David explains that, as a child, Daniel "was very playful. He was gentle, very sensitive. A sweetheart. A very good-looking boy too - he was very popular with the girls."
He and his wife, former model and socialite Jackie Rafter, separated when Daniel was four, leaving David to see his children - Daniel and Kate - at the weekends.
"I think boys generally can be more sensitive. If anything the separation probably hit Daniel harder."
But it wasn't until Daniel hit his early teens that David became aware he was acting out in destructive ways.
"At about 14, Jackie brought it to my attention that he was misbehaving in school and being difficult to manage," he explains. "To only have the kids at weekends, you are just playing dad instead of knowing."
As his teenage years went on, David says, "Daniel levelled out a bit. He was going well again. He played on the winning Senior Cup rugby team."
Then one day David received a call from Jackie.
"It was out of the blue. A couple of years before he died. The problem was very serious. She had gotten him into a rehab centre down the country. It was only in the last couple of years it seemed to escalate."
David got straight on his motorbike and went to where the boy was recovering. Together, he and Jackie sat and spoke to Daniel.
"He was offered heroin along the road. I was absolutely shocked. I have no idea who gave it to him. [Jackie] was absolutely distraught. Although we didn't see eye-to-eye on a lot of issues we pretty much joined hands and tried to put him back on track.
"He was emotional and he was ashamed, if anything, that he had brought this on us. But we both assured him that we would get him sorted. We said we loved him and we were going to get on top of this."
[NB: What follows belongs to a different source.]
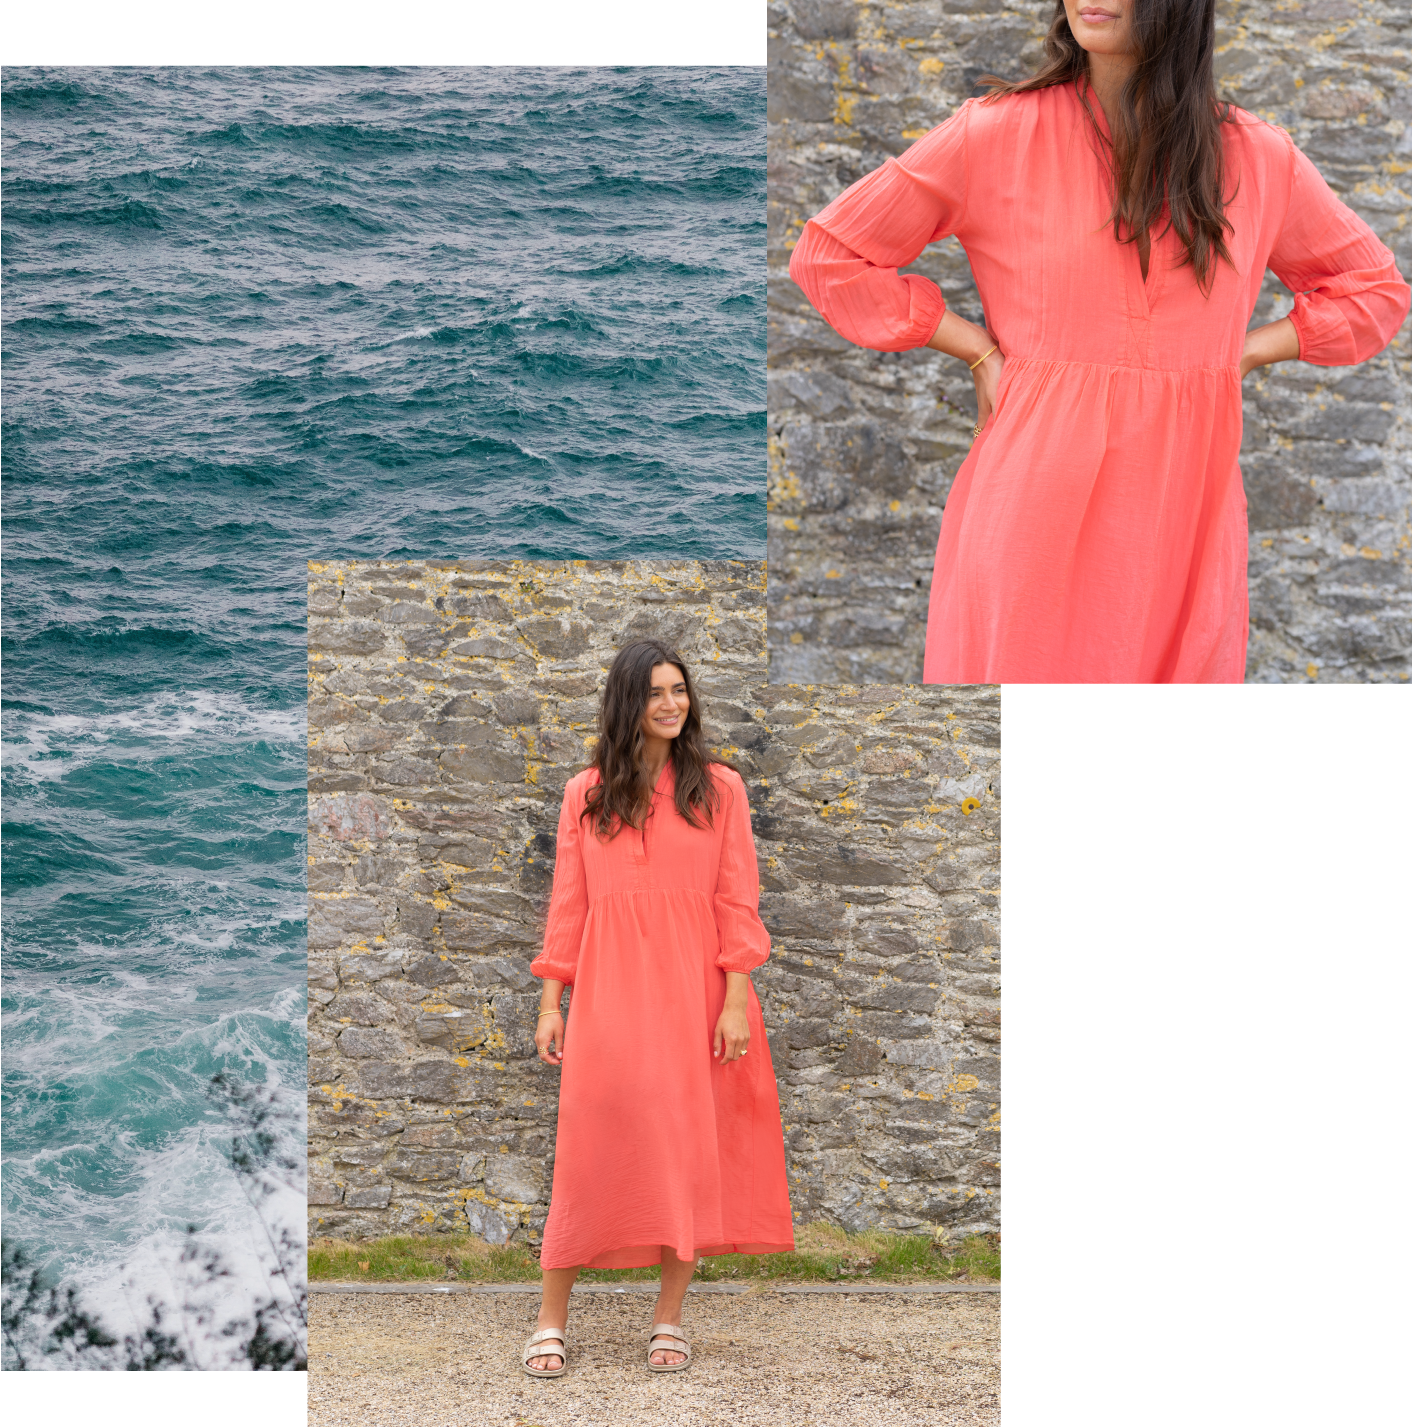 A montage of the sea with images of a model wearing a pink, long sleeved dress

Afterwards, Daniel arrived back in Dublin and "seemed fine". Then there were signs of relapses and attempts at rehabilitation.
He voiced his frustration that he disliked listening to others pour their heart out about their addictions, believing he wasn't the same.
"He would sit in at meetings and think: 'What am I doing here?' He would say to himself: 'I am fine I don't need this.'"
David says there were more promises - "promises that he was on the mend and getting better".
"It was heart rending," he explains. "You want to find the guys who are supplying this stuff to him and shoot them. I wanted to know where it was coming from. How the hell it started in the first place."
He recalls an occasion when Daniel sat at the kitchen table of his home in Co Kildare with six others who asked him how his drug problem had started. He told the group that he had begun abusing drugs such as cocaine at 14. He told the group where he had first accessed them.
On the day of the inquest David lashed out. "I was angry as any parent would be. I was angry with everyone. How did it get to this stage? You tend to throw stones. But you can't do that. And that's when I was ushered out. I was very emotional.
"I wish I had spent more time with him- been more involved in his upbringing."
On the day he heard the news, David went back to the place his son's body was found - in the toilets at the Fitzwilliam Hotel on St Stephen's Green.
"I went up and sat in the toilet where he was found and I sat there just crying and thinking: 'Is this where it all ended for him?' I asked myself: 'How did it get to this?'
"You never think it will happen to you. I would tell parents to keep a close eye on their kids.
"Don't be afraid to ask: 'What are you up to? Where are you going? Who were you with last night?' Keep your eye on the ball. Don't take it for granted that they are behaving," he said.